1\. There are certain milestones we have to meet before we can launch. We have
a great product, but we have some holes we have to fill. I can't get more
specific here.

2\. The leadership of the company is excellent. We're in trouble (in _my_
estimation only) because no startup can afford to have a key person take a
dive, and every developer is key.

3\. Thanks.

4\. Why is it this way? My understanding, and I could be mistaken, of the EIR
role is that it's someone who works at startups while sponsored and mentored
by the VC firm. I would be excellent in such a position, not now (and possibly
never) as an EIR-to-CEO, but as an EIR-to-senior developer (if such a thing
exists).

------
9oliYQjP
You haven't truly started a business until you've made your first sale. Sure,
this is an opinion, but it's one that I firmly believe in. From what I know of
people who "start businesses" these days, most end up not actually making any
money. It's a huge resource sink until they fail. Life isn't a Disney movie,
but failure isn't the end of the world either.

One thing you haven't mentioned at all is whether you think you will launch
and have a revenue stream. How are you going to make money? Do you have
customers lined up or just some hopes and prayers that people will flock to
your product/service once launched? The reason I ask is that I also firmly
believe (again an opinion) that when you do launch, you probably have another
2 or 3 years before you'll get your head above water financially.

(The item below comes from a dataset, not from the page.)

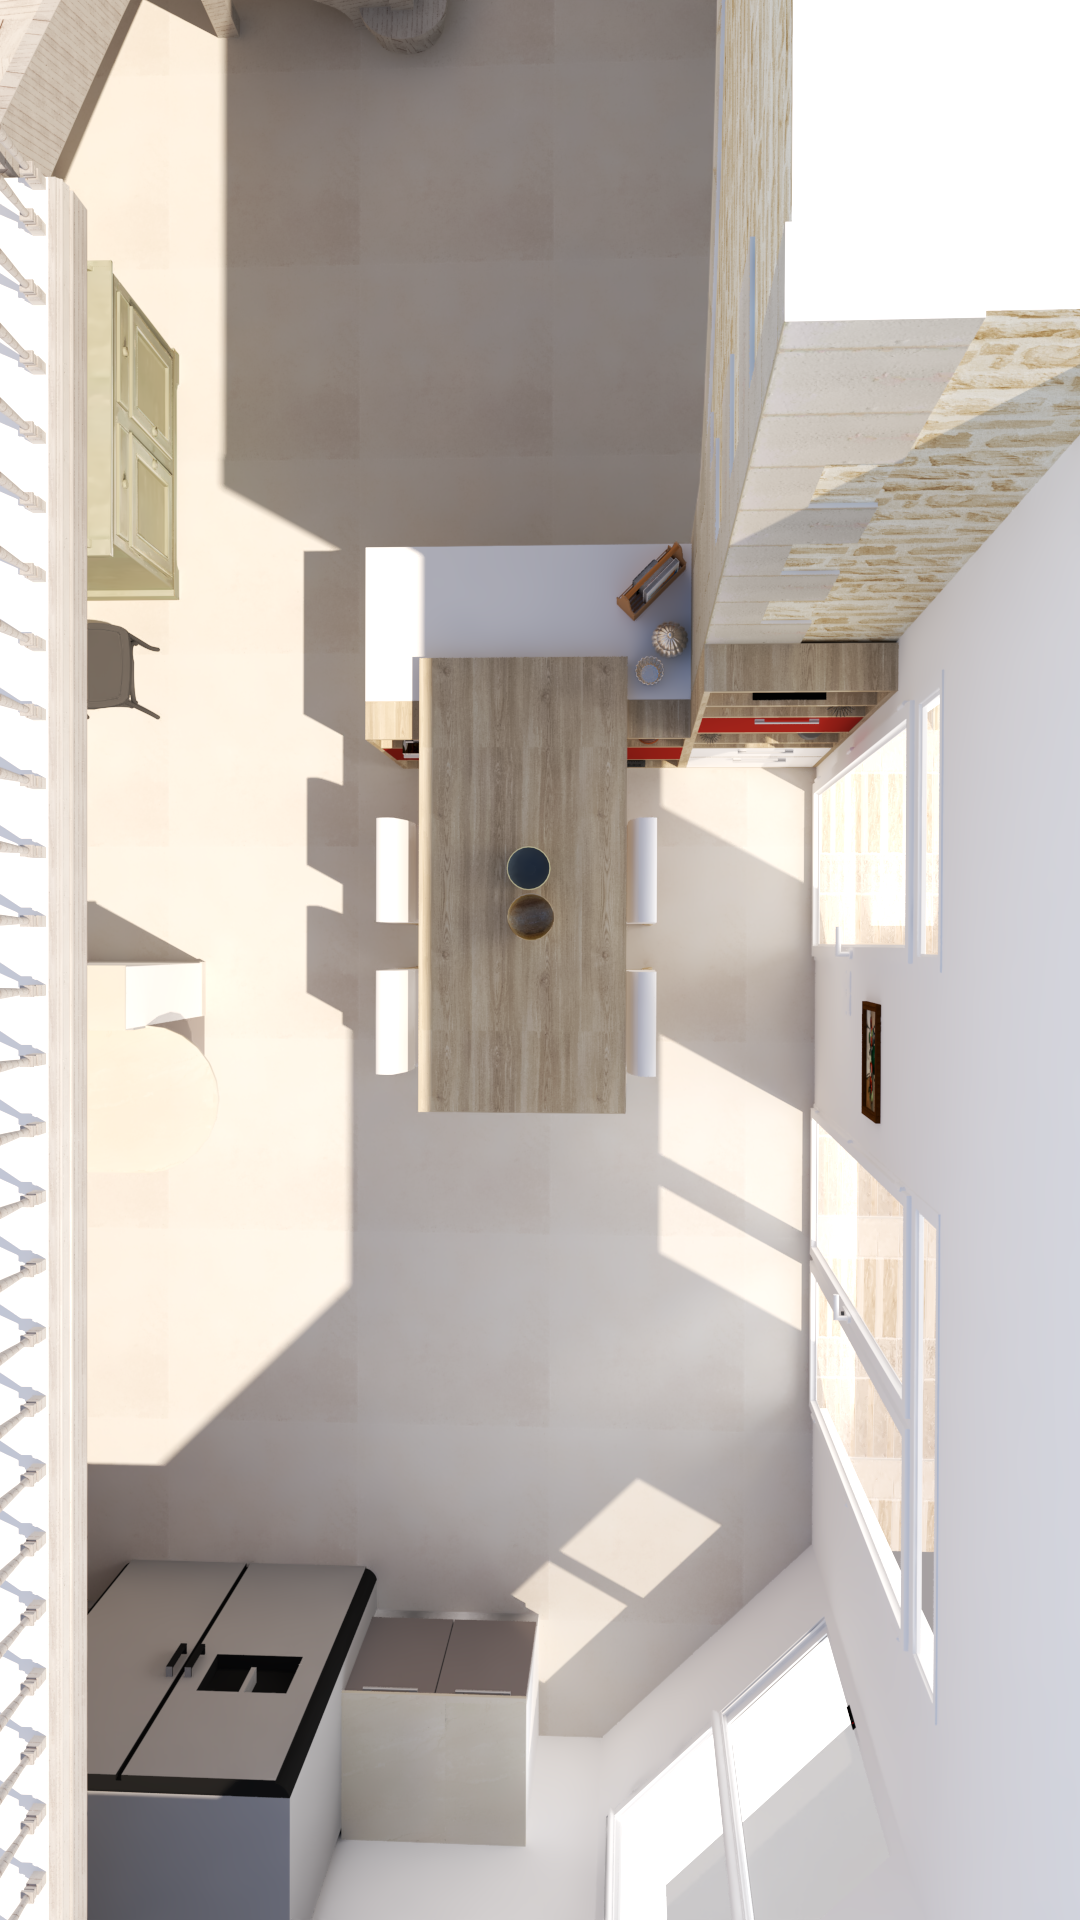 plan 3D design d'interieur poitiers

I started a business when I was younger and failed (quit gracefully but the
trajectory was never headed up). I was hired by somebody I did business with;
and trust me when I tell you that on paper I am the prototype of mediocrity.
It was actually my mom who suggested that "maybe I stick it out in a real
company so I gain some experience". It was a comment that at the time was
piercing and hurtful but ultimately right. I did really well at that job,
realized I was better at some things than I expected, and that I was worse at
some things than I thought I was. I treated it as a learning experience, and
the money didn't hurt either.

A lot of companies would be happy to hire you. In their minds, you may not
have made it as an entrepreneur, but you'd make a great intrapreneur: someone
who is entrepreneurial minded and can succeed within the confines of a safe
sandbox which is the company.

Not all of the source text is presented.